NASA Makes Space History With Distant Fly-By

NASA Makes Space History With Distant Fly-By

NASA Makes Space History With Distant Fly-By

The ancient Greeks and Romans used the name Ultima Thule to refer to a distant place lurking just beyond the borders of the known world.

"Ultima Thule will be turned into a real world", team member and planetary scientist Hal Weaver said.

Now, New Horizons will beam the first information and images from this close flyby back to Earth.

"It's a better pixelated blob", said Principal Investigator Alan Stern of the Southwest Research Institute in Boulder, Colorado. "There are a lot ideas and every one of them might be wrong". "We'll find out Tuesday".

The encounter with Ultima is among the more hard feats NASA has attempted. Flight controllers in Laurel, Maryland, received word from the spacecraft on Tuesday, 10 hours after the middle-of-the-night encounter. The flyby will be covered on the lab's website, its YouTube channel and NASA TV.

Tired from dual countdowns late Monday and early Tuesday, the New Horizons team members were visibly anxious as they reassembled in late morning. Asteroids became a popular destination too: Japan's Hayabusa2 spacecraft touched down on the asteroid Ryugu in October and collected a sample that will return to Earth in 2020.

Ultima Thule was named for a mythical, far-northern island in medieval literature and cartography, according to Nasa.

"We have a healthy spacecraft", Mission Operations Manager Alice Bowman said.

New Horizons zoomed past the small celestial object known as Ultima Thule 3 ½ years after its spectacular brush with Pluto.

The first signal back to Earth should come about 10 hours after the flyby, around 9:45 am (1:45am AEDT, Wednesday), letting NASA know if New Horizons survived the risky, high-speed encounter.

The flyby will be fast, at a speed of nine miles per second.

Until the 1990s, no one knew what hid out here, where sunlight is 0.05 as faint as it is on Earth.

There is no champagne in this dim and distant region, where a halo of icy worlds called the Kuiper belt circles the outermost edge of the solar system. This will provide insight about what it was like as our solar system was forming 4.5 billion years ago and how small planets like Pluto formed. Not only is Ultima Thule the most distant planetary object ever explored, it is also likely the most primitive.
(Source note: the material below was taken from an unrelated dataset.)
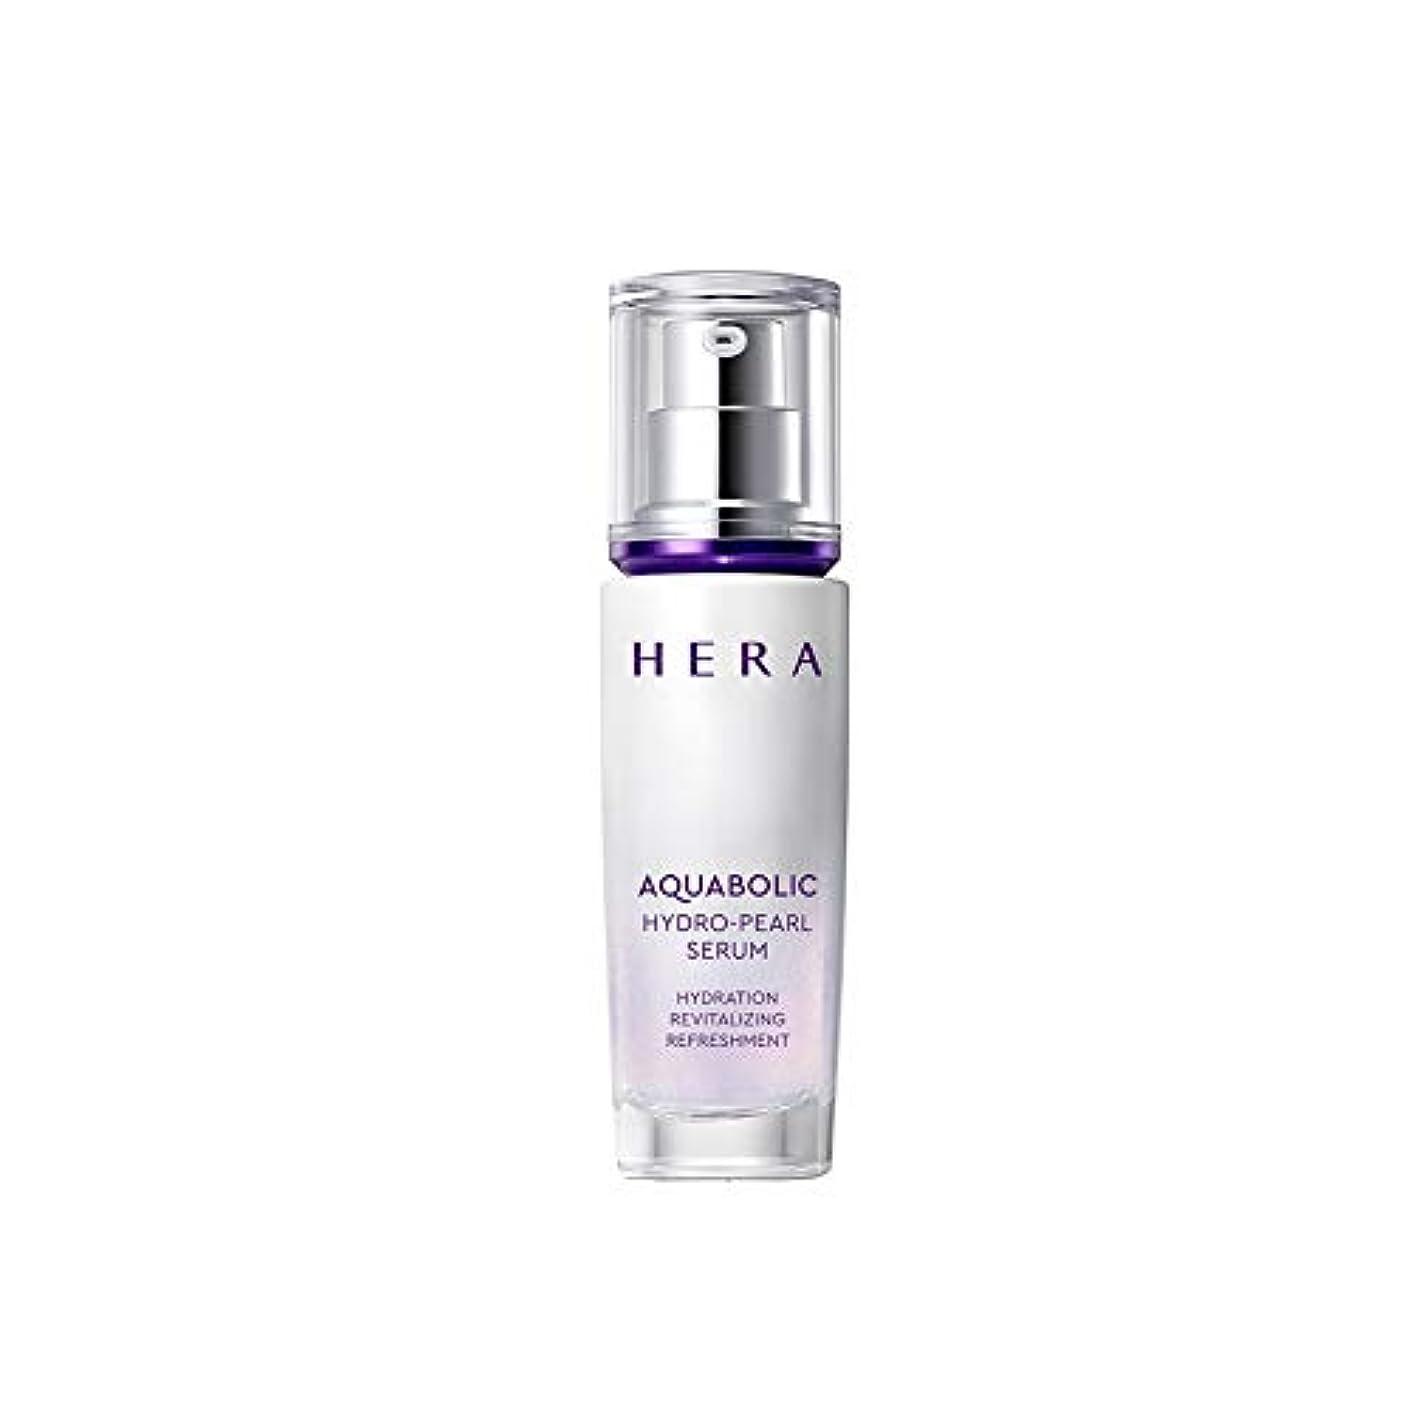 民間人印象方向【HERA公式】ヘラ アクアボリック ハイドロ-パール セラム 40mL/HERA Aquabolic Hydro-Pearl Serum 40ml

After discovery by the Hubble Space Telescope, a series of ground observations were carried out to measure Ultima Thule during an occultation-as it passed in front of a background star and blocked out some of the starlight. The image (above) revealed what looked like a peanut or bowling pin, some 32 kilometers long by 16 kilometers wide, with a slight possibility still that MU69 could be a binary object.

The exact shape and composition won't be known until Ultima Thule starts sending back data in a process expected to last nearly two years.
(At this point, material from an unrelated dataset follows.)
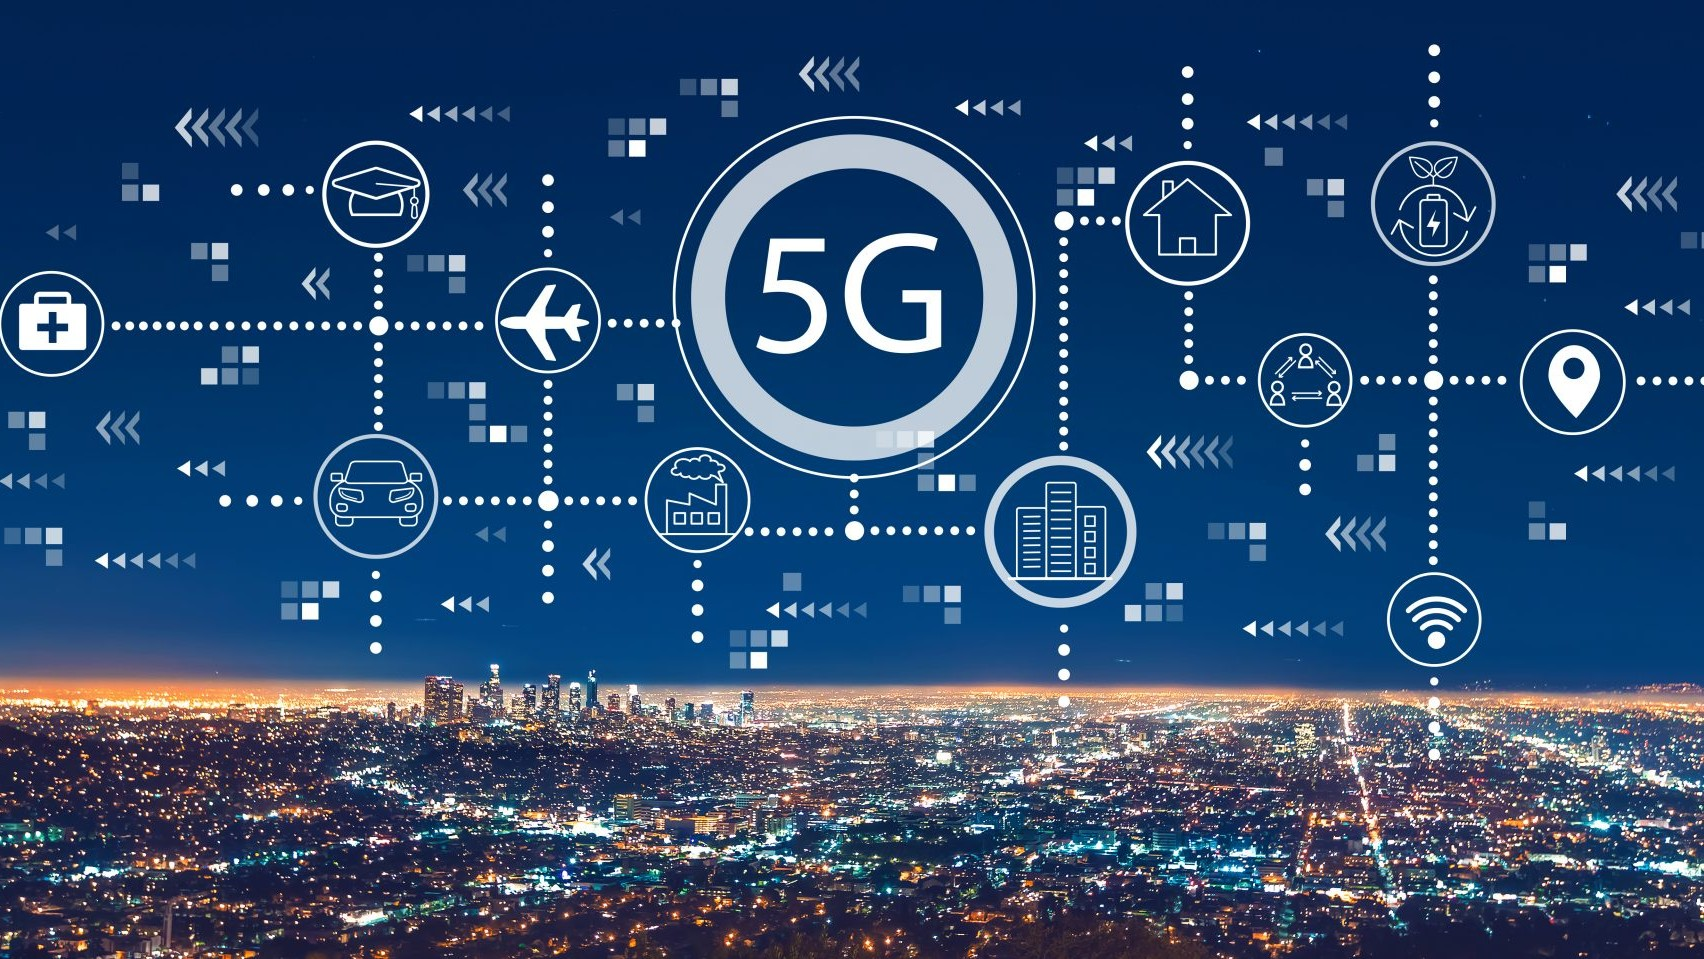 عدم دسترسی گوشی های سامسونگ و اپل به شبکه 5G ایران

Scientists believe there should be no rings or moons around Ultima Thule that might endanger New Horizons.

New Horizons is moving faster than 48,280km an hour, meaning that its zip past the unusual object really needed to be pulled off without even the slightest interference.

Real-time video of the actual fly-by was impossible, since it takes more than six hours for a signal sent from Earth to reach the spaceship, named New Horizons, and another six hours for the response to arrive.

May was at Mission Control for the event, and today released the track New Horizons, his first solo single since 1998, on YouTube.